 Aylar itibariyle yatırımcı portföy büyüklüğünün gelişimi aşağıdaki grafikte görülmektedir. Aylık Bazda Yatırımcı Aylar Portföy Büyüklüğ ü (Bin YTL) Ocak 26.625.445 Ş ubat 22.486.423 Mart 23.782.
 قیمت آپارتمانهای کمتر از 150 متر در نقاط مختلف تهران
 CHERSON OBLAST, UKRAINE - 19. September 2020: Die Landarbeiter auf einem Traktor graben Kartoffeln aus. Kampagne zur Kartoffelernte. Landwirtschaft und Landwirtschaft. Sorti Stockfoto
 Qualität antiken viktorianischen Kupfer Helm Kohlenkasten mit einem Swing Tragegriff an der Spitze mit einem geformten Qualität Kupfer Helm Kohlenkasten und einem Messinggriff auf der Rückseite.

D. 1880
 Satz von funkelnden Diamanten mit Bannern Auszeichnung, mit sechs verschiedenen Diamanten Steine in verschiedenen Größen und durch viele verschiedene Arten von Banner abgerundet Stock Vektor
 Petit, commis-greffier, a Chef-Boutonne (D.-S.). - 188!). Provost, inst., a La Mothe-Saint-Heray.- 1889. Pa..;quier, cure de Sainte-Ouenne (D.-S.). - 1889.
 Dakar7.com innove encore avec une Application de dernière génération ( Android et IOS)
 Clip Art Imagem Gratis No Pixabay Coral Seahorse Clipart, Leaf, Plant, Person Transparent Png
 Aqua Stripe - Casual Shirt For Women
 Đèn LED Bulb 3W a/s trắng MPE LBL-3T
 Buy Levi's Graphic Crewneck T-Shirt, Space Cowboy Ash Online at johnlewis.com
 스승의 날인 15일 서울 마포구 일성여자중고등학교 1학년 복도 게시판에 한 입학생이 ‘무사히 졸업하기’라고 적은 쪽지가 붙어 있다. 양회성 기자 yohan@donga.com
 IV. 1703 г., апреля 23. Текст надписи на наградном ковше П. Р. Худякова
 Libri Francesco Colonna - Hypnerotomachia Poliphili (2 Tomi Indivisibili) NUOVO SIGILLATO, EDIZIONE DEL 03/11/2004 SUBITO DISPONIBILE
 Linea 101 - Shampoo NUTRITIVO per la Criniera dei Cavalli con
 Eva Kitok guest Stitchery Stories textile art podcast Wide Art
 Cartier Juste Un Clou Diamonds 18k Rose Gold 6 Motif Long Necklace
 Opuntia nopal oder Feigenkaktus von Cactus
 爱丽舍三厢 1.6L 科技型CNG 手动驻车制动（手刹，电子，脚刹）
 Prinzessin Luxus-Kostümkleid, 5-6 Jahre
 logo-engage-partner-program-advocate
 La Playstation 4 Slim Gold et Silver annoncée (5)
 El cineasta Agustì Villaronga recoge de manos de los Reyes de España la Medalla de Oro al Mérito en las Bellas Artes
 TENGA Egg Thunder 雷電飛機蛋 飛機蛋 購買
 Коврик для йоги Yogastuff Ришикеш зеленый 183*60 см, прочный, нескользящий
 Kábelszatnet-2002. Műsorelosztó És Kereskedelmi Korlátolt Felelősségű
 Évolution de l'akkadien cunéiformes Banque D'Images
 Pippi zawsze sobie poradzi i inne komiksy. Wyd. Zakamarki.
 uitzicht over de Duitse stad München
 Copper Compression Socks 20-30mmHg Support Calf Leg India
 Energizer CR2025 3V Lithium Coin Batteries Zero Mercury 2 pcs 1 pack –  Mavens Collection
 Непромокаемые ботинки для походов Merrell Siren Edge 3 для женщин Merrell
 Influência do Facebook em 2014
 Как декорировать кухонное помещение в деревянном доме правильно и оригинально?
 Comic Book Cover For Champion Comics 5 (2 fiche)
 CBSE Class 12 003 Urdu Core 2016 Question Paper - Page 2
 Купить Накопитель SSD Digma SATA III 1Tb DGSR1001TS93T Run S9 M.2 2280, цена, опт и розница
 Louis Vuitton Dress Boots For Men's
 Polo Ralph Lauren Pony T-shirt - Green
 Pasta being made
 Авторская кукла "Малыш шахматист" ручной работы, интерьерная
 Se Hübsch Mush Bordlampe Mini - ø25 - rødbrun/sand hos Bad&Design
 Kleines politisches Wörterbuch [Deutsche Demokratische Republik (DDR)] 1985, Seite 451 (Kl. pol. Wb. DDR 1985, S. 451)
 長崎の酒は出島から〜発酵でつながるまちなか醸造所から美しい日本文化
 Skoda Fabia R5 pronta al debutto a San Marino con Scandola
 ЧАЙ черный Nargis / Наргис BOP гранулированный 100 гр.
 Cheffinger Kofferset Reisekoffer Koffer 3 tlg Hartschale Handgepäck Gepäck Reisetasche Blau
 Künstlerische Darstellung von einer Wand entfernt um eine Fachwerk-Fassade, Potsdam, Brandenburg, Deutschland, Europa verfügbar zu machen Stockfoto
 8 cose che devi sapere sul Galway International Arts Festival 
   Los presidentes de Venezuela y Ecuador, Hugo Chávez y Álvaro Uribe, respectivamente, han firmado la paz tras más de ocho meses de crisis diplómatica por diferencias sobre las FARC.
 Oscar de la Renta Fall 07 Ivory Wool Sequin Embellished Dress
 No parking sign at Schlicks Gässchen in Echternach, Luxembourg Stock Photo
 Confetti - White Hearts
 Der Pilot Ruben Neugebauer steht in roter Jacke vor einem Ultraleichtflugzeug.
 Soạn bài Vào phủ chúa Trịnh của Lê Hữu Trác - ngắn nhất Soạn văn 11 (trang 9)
+++
● Brief
Reproduce the material above exactly, beginning at its first line and ending with the line that holds "CHERSON OBLAST, UKRAINE". Include nothing else.

● Result
 Aylar itibariyle yatırımcı portföy büyüklüğünün gelişimi aşağıdaki grafikte görülmektedir. Aylık Bazda Yatırımcı Aylar Portföy Büyüklüğ ü (Bin YTL) Ocak 26.625.445 Ş ubat 22.486.423 Mart 23.782.
 قیمت آپارتمانهای کمتر از 150 متر در نقاط مختلف تهران
 CHERSON OBLAST, UKRAINE - 19. September 2020: Die Landarbeiter auf einem Traktor graben Kartoffeln aus. Kampagne zur Kartoffelernte. Landwirtschaft und Landwirtschaft. Sorti Stockfoto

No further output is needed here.